A number of limitations of
A number of limitations of this study should be noted. First, owing to the extremely low incidence of nephroblastoma, the sample size of this case-control was relatively small. Consequently, statistic power of this study was compromised (statistical power no more than 0.307 for significant findings). The significant findings might be chance observations (FPRP values larger than 0.2 at the prior probability level of 0.1). Second, we concentrated on only three BARD1 SNPs. BARD1 gene is highly polymorphic, harboring 4941 SNPs as a minimum (http://www.ncbi.nlm.nih.gov.eleen.top/projects/SNP). Other SNPs that potentially affect the purchase Rimonabant and function of BARD1 should be investigated in the future.
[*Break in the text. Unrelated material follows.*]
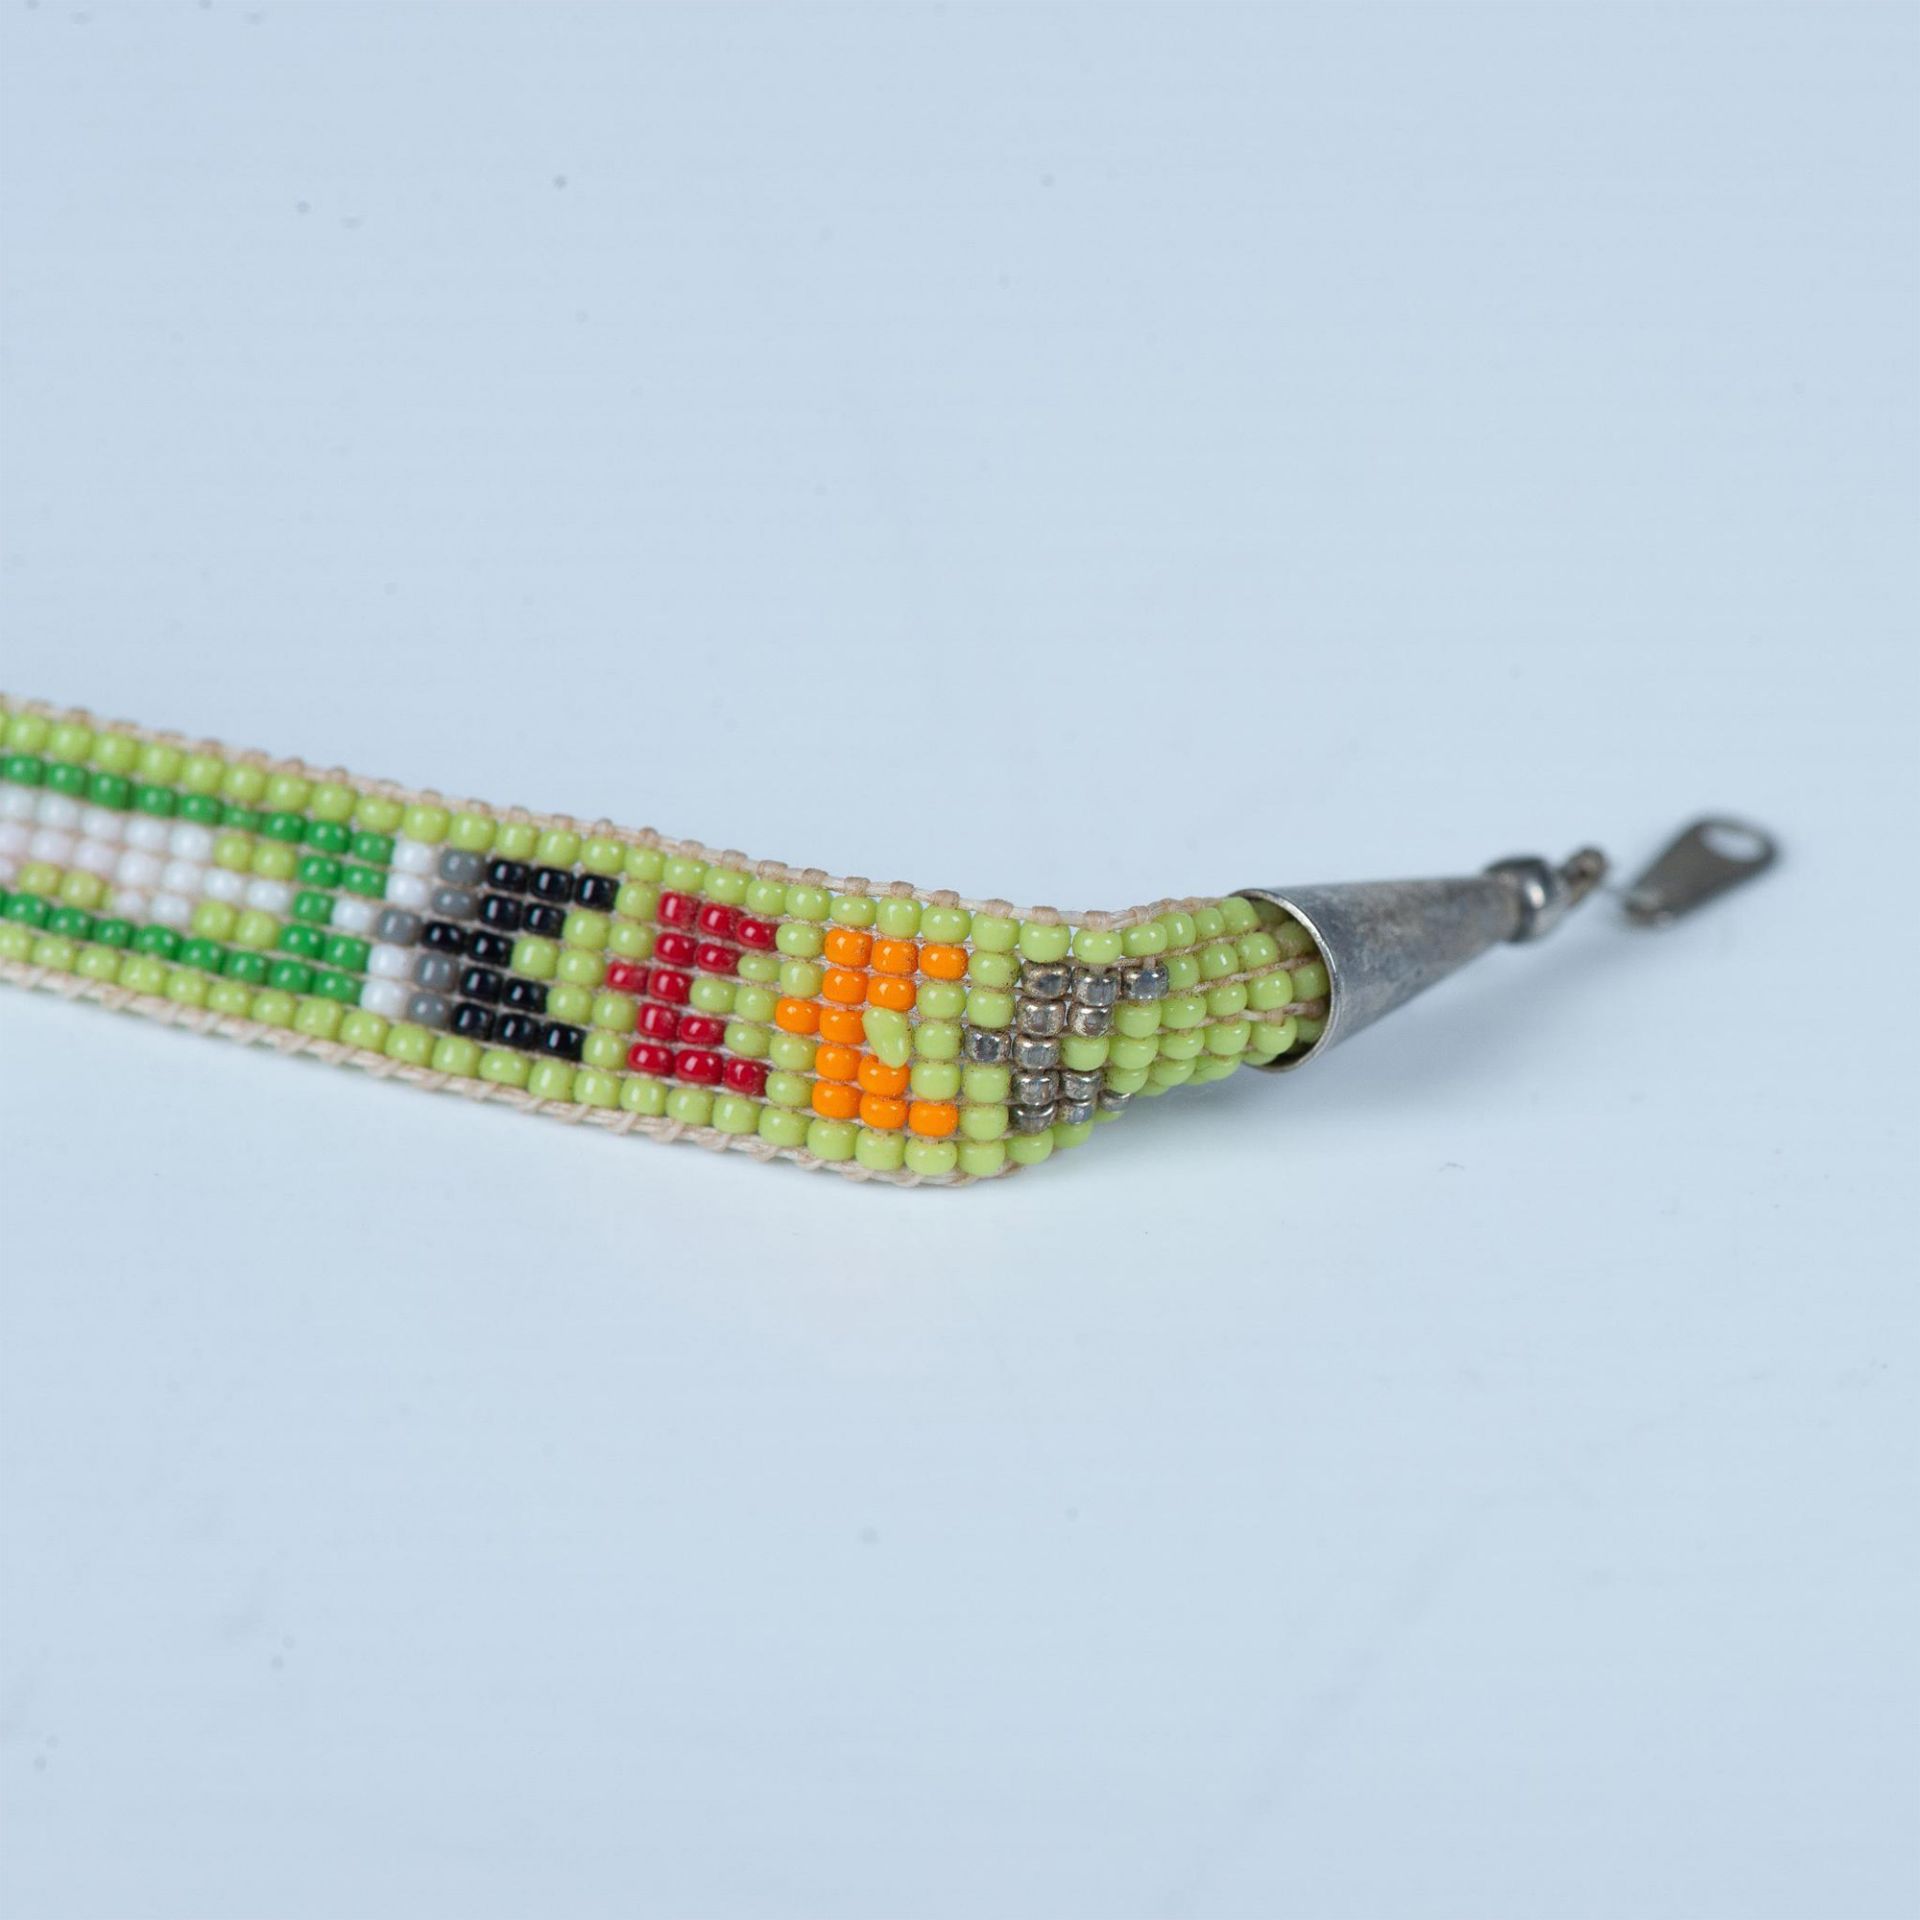 2pc Native American Hand-Woven Bead Bracelets - Image 5 of 5

Third, we only included Southern Chinese Children in this study. These findings cannot be generalized from one ethnicity to another before validation study. Fourth, in this retrospective study, some important information (e.g., parental exposures) was not available. Due to differences in genetic backgrounds and environmental exposures among the different ethnicities, these findings should be cross-validated with different populations.
Notwithstanding these limitations, our finding did suggest that the rs7585356 G>A polymorphism may confer genetic susceptibility to nephroblastoma. The studied SNPs collectively may increase the risk of nephroblastoma. Moreover, these SNPs appear to be related to the clinical stages of this disease. Well-designed, large, multi-center studies are warranted to strengthen these findings.
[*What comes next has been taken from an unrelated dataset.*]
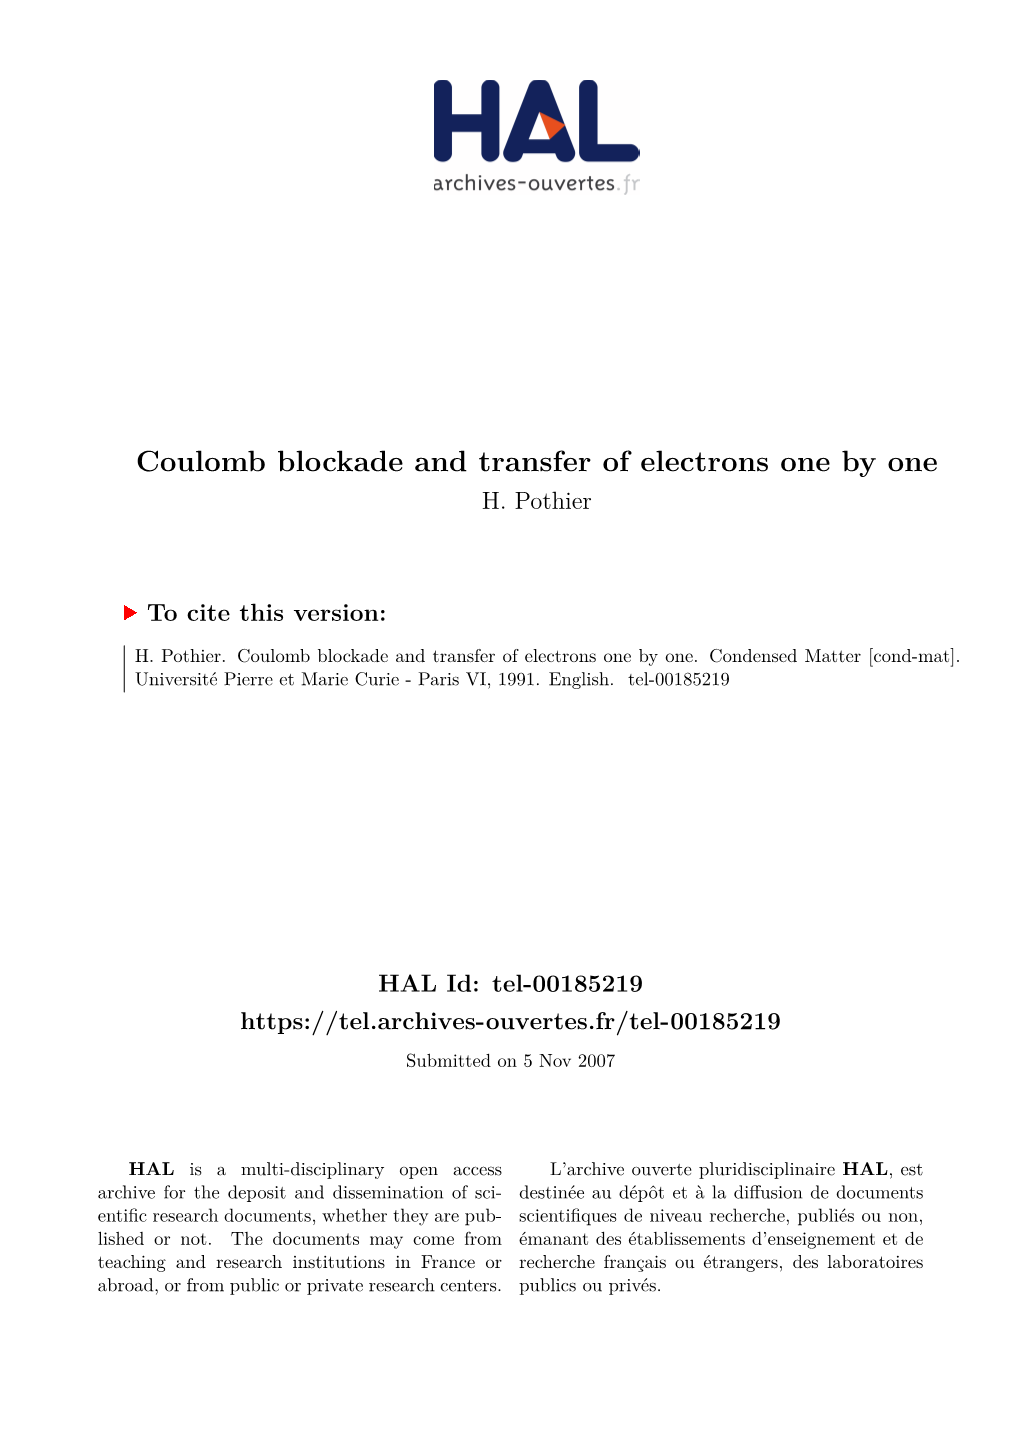 Coulomb Blockade and Transfer of Electrons One by One H

Funding Sources This study was supported by the grant of State Clinical Key Specialty Construction Project (Pediatric Surgery) 2013 (No.: GJLCZD1301) and the grant of Clinical Medicine Research and Transformation Center of Brain Injury in Premature Infant in Guangzhou (No.: 520101-2150092). The findings had no role in study design, data collection, data analysis, interpretation, writing of the report.
Conflict of Interest Disclosures
Introduction Diffuse large B-cell lymphoma (DLBCL) is a heterogeneous subtype of non-Hodgkin lymphoma with varied clinical, immunophenotypic and genetic features (SH, 2008). Although the outcome of DLBCL patients has been significantly improved by anti-CD20 monoclonal antibody rituximab combined with induction chemotherapy (mainly as cyclophosphamide, doxorubicin, vincristine, and prednisone [R-CHOP]); the lack of remission or early relapse remains a major clinical issue. Therefore, the identification of biomarkers related to therapeutic efficacy, particularly the response to rituximab, may be greatly helpful to conduct risk stratification treatment in DLBCL. In the era of rituximab, in addition to clinical parameters based on International Prognostic Index (IPI) (Sehn et al., 2007), tumor cell of origin (COO) (Alizadeh et al., 2000), as well as BCL-2 and MYC double translocation/expression (Johnson et al., 2012; Green et al., 2012; Horn et al., 2013), are validated as important prognostic indicators of DLBCL. More recently, recurrent gene mutations have been revealed by next-generation sequencing technologies, including those involved in B-cell function (Compagno et al., 2009; Ngo et al., 2011; Davis et al., 2010; Lenz et al., 2008; Kheirallah et al., 2010). B-cell receptors (BCRs) activate NF-κB by harboring receptor mutations in CD79A or CD79B, along with mutations of kinase LYN or effector CARD11 (Rossi et al., 2013). Toll-like receptors (TLRs) recruit protein kinases mainly via adaptor molecule MYD88, also leading to NF-κB activation (Rossi et al., 2013). As an important member of the tumor necrotic factor receptor (TNFR) associated factor (TRAF) protein family, TRAF2 is responsible for TNF-α-mediated modulation of NF-κB (Rossi et al., 2013). Finally, TNFAIP3 mutations resulted in a loss of NF-κB cascade inhibition (Honma et al., 2009). All these genes are closely associated with B-cell function and frequently mutated in DLBCL (Compagno et al., 2009). However, their relationship with lymphoma progression and treatment response warrants further investigation in DLBCL.